NavigableString（可遍历的字符串）：标签内的字符串，如<p>这是一个段落</p>中的“这是一个段落”，可以通过调用Tag对象的string属性来获取。
Comment（注释）：HTML或XML文档中的注释，如，可以通过调用BeautifulSoup对象的find()或find_all()方法来获取。
BeautifulSoup对象：整个文档的解析树，包含了所有的标签、注释和字符串，可以通过调用BeautifulSoup()函数来创建。
ResultSet（结果集）：由多个Tag对象组成的列表，表示搜索到的所有符合条件的标签，可以通过调用find_all()方法来获取。
CSS选择器：一种用于定位HTML或XML文档中元素的语法，可以通过调用select()方法来实现，其返回值是一个ResultSet对象。
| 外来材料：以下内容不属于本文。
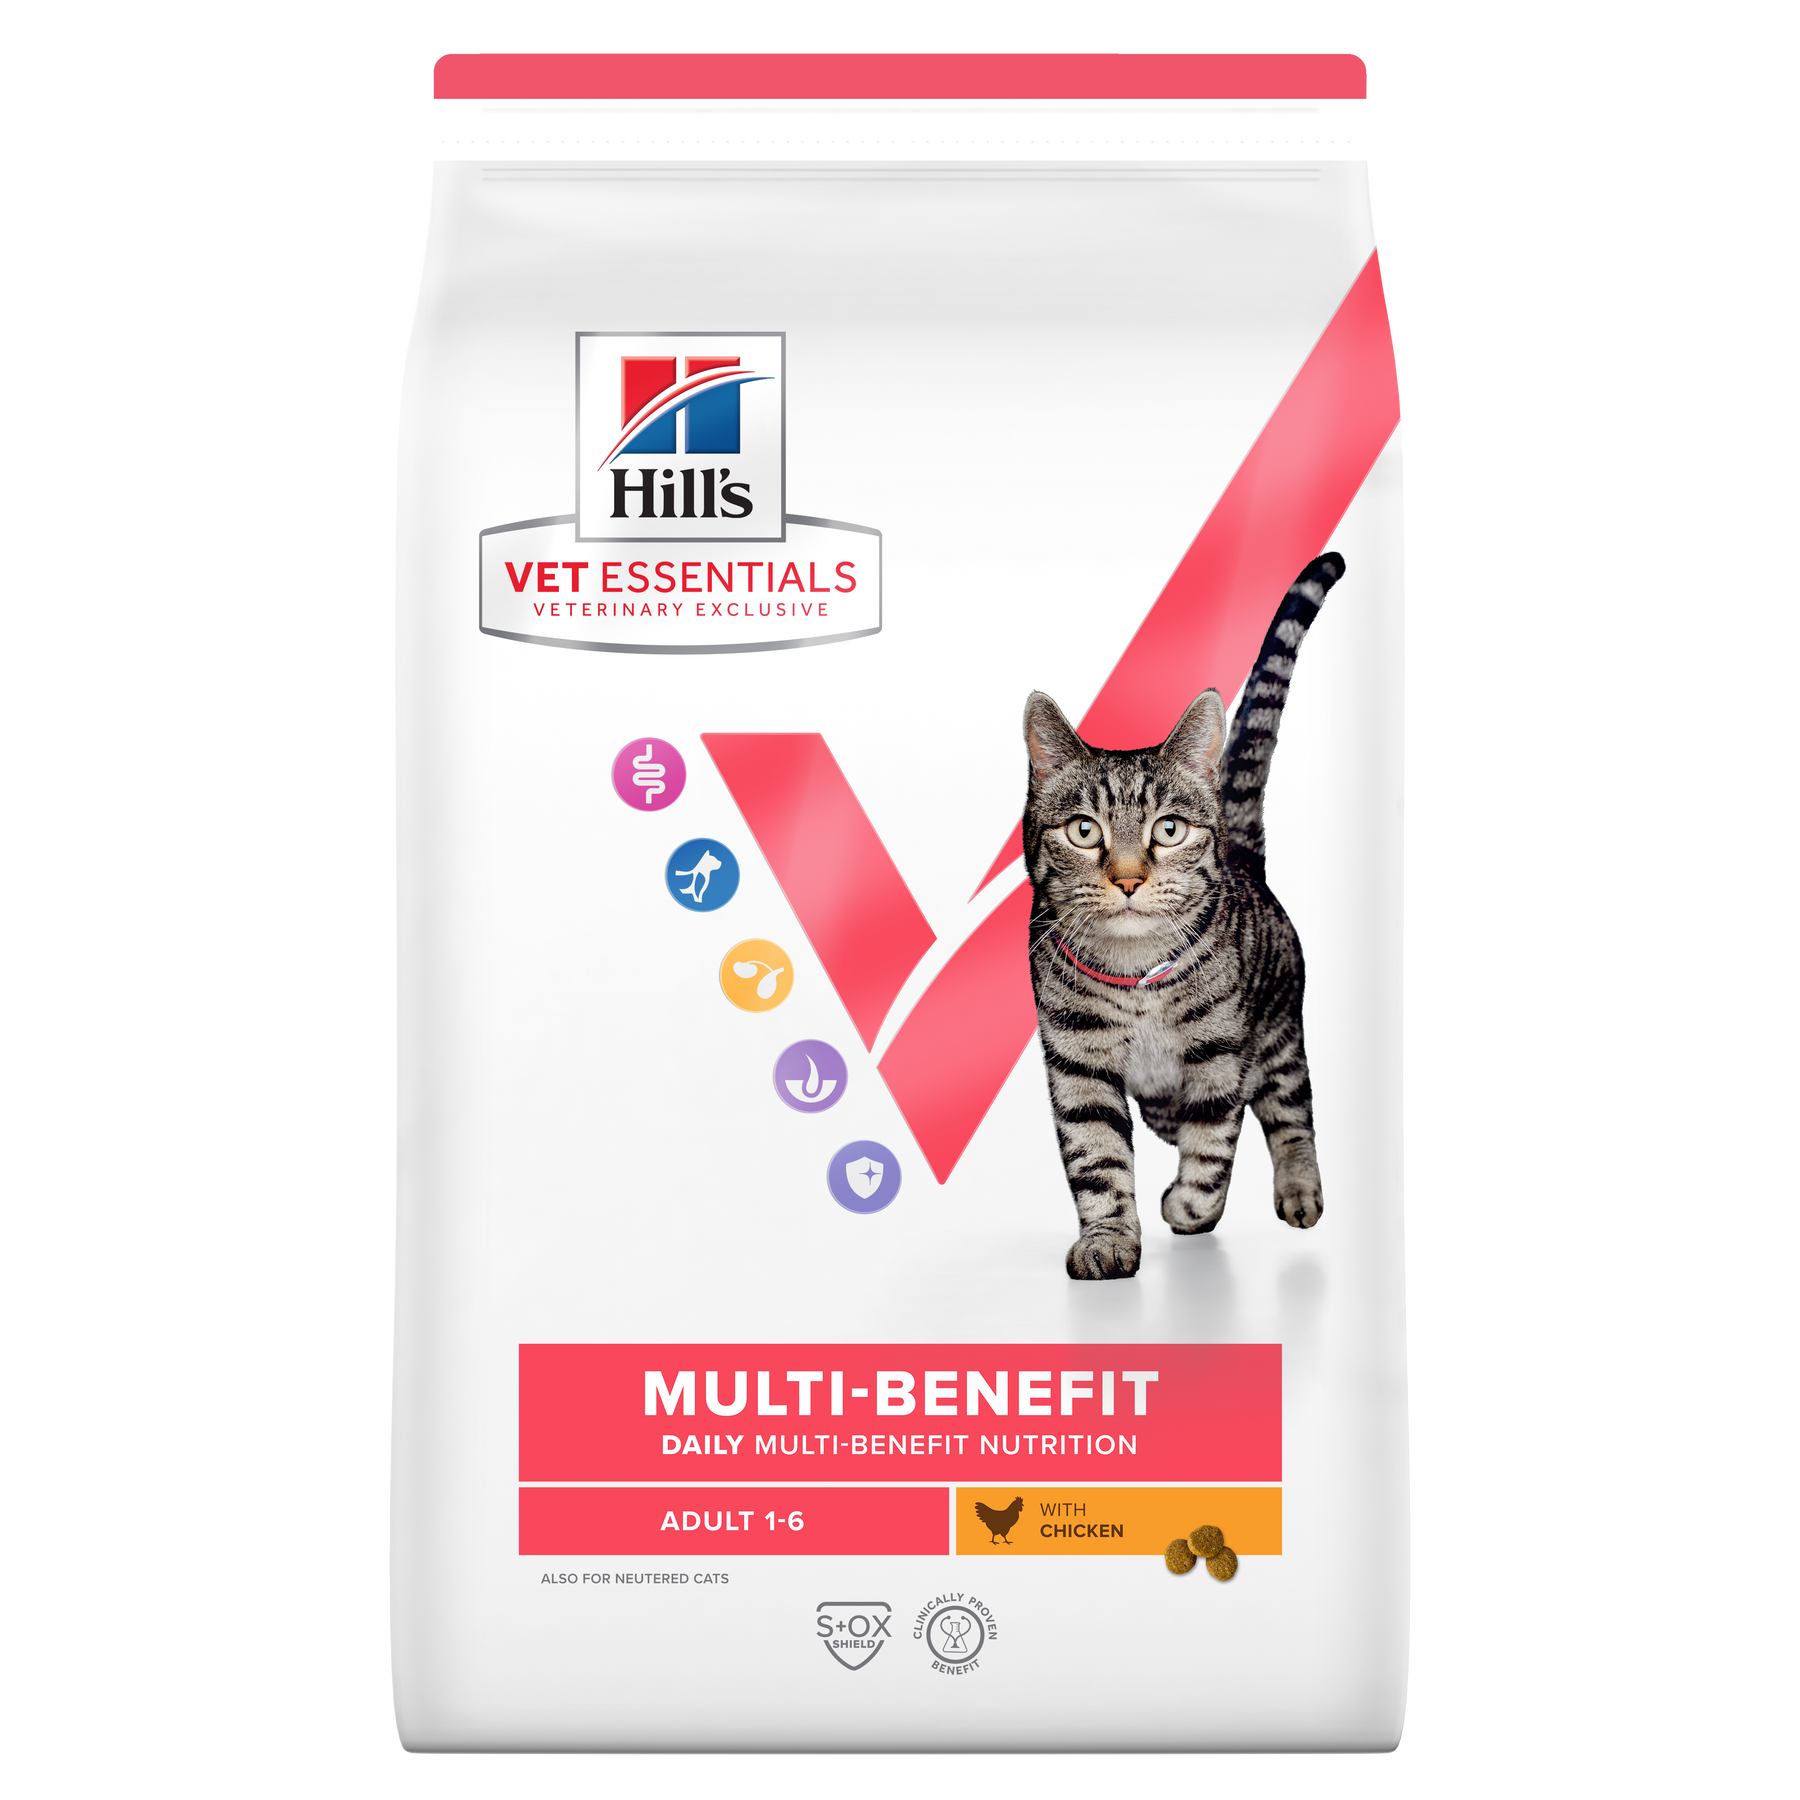 Hill's VET ESSENTIALS MULTI-BENEFIT Adult Dry Cat Food with Chicken

2、使用find/find_all函数查找所需的标签元素

在查找标签元素前我们需要了解一些HTML的标签元素含义：

<html>：定义HTML文档的根元素。
<head>：定义文档头部，包含了文档的元数据，如标题、样式、脚本等。
<title>：定义文档的标题，通常显示在浏览器的标题栏中。
<body>：定义文档的主体部分，包含了网页中的所有内容。
<h1>-<h6>：定义标题，用于标识不同级别的标题。
<p>：定义段落，用于分段显示文本内容。
<a>：定义超链接，用于链接到其他页面或文档。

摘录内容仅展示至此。